Senior Lecturer, anthropologist, University of St Andrews

Christos Lynteris is a medical anthropologist. His research focuses on the anthropological and historical examination of infectious disease epidemics, animal to human infection (zoonosis), medical visual culture, epidemiological epistemology, colonial medicine, global health, and epidemics as events posing an existential risk to humanity.

Funded by the Wellcome Trust with an Investigator Award in the Humanities and Social Sciences, Dr Lynteris' new project (2019-2024) The Global War Against the Rat and the Epistemic Emergence of Zoonosis will examine the global history of a foundational but historically neglected process in the development of scientific approaches of zoonosis: the global war against the rat (1898-1948).
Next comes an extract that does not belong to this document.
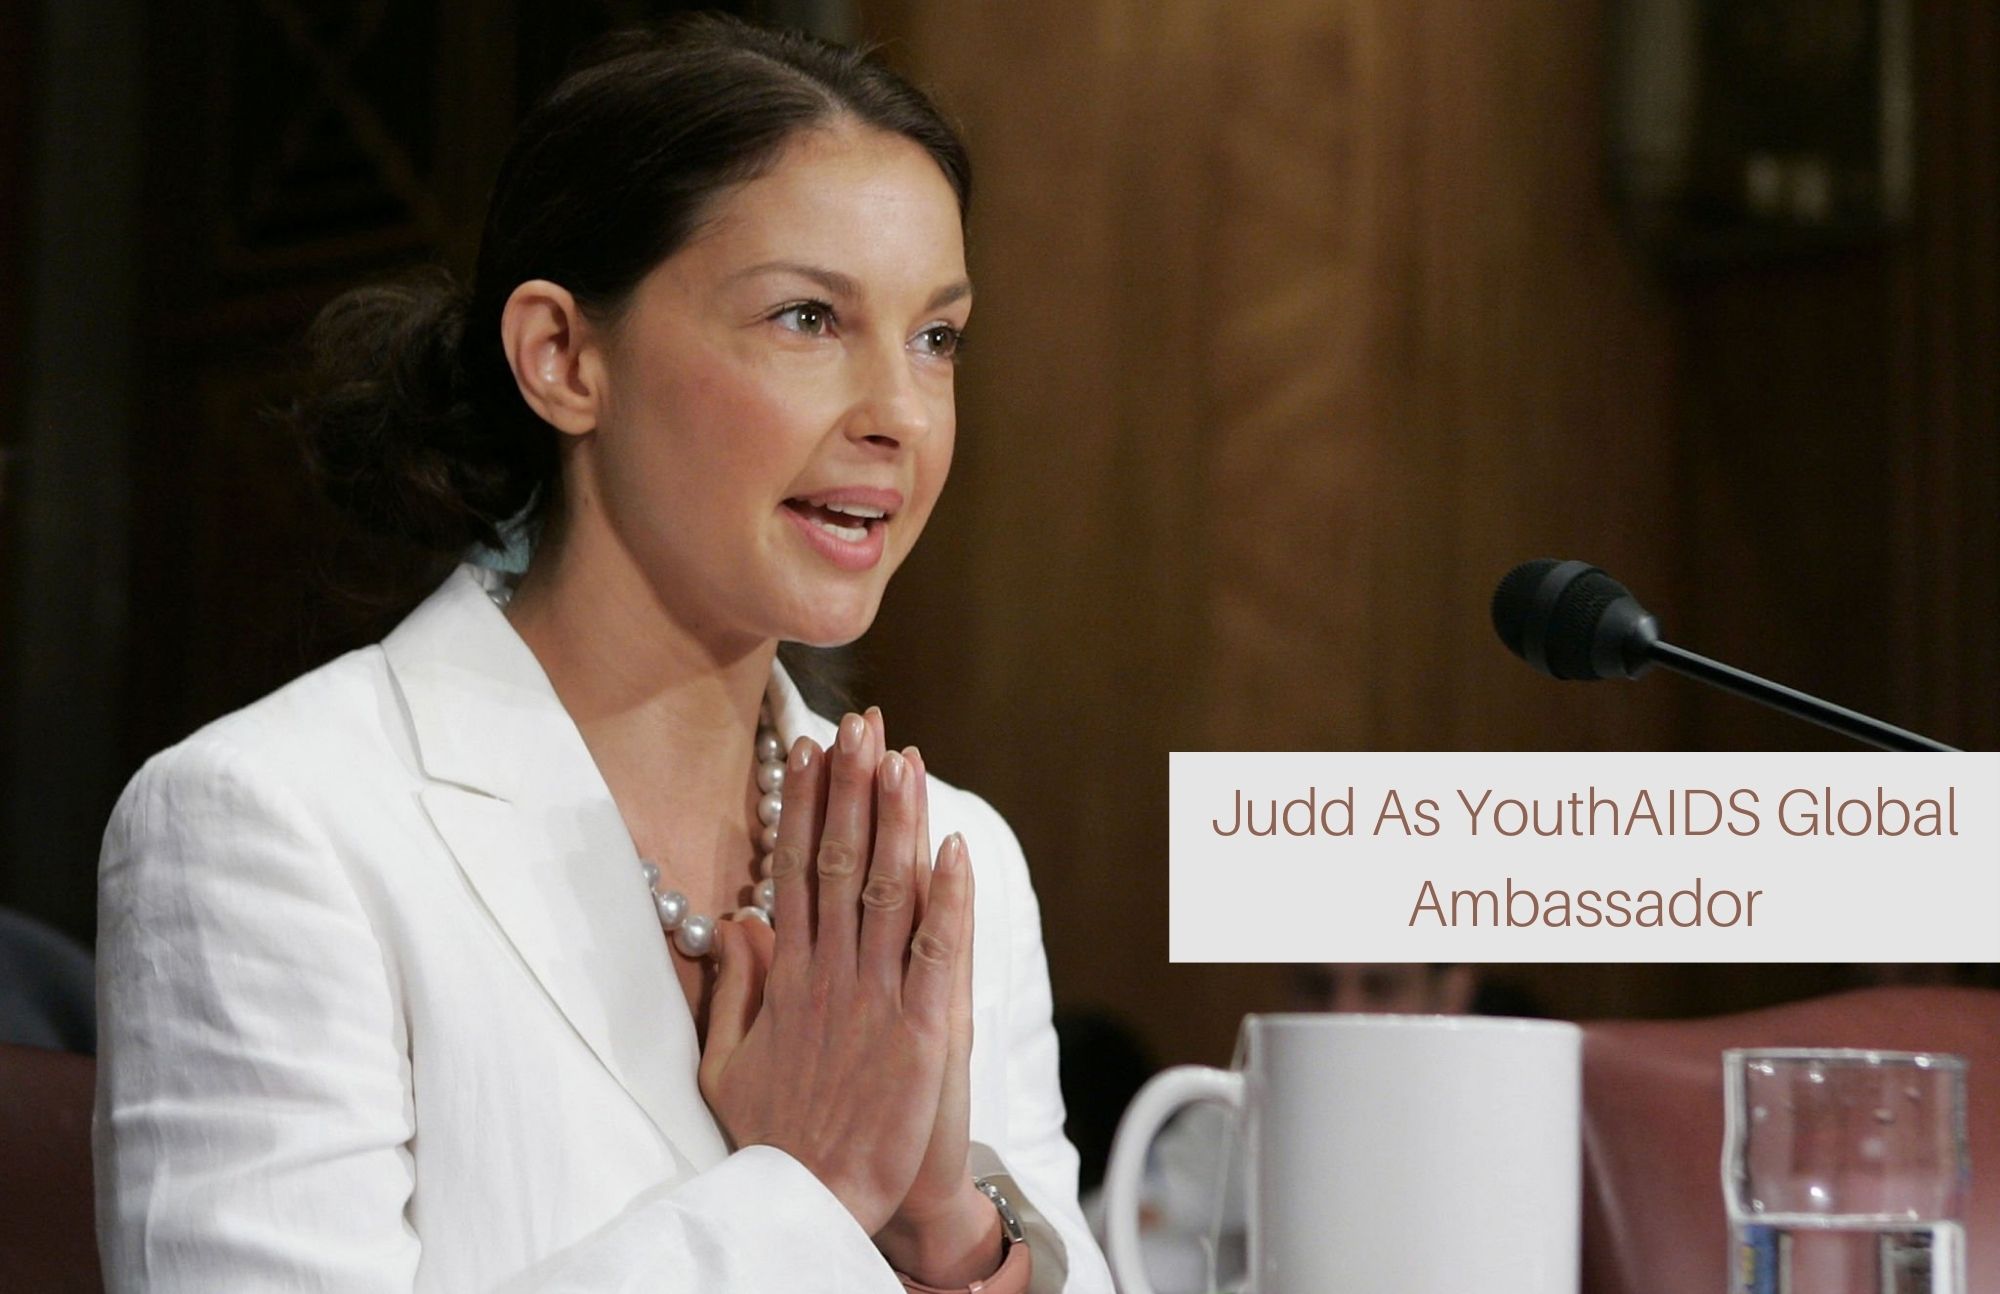 Ashley Judd is seen in a forum wearing a white dress with her hands clasped together

The project will explore the synergies between knowledge acquired through medical studies of the rat, in the wake of understanding its role in the transmission of infectious diseases (plague, leptospirosis, murine typhus), with knowledge acquired during the development and application of public health measures of vector-control: rat-proofing, rat-catching and rat-poisoning. By examining the epistemological, architectural, social, and chemical histories of rat control from a global, comparative perspective, the project will show how new forms of epidemiological reasoning about key zoonotic mechanisms (the epizootic, the disease reservoir, and species invasiveness) arose around the epistemic object of the rat.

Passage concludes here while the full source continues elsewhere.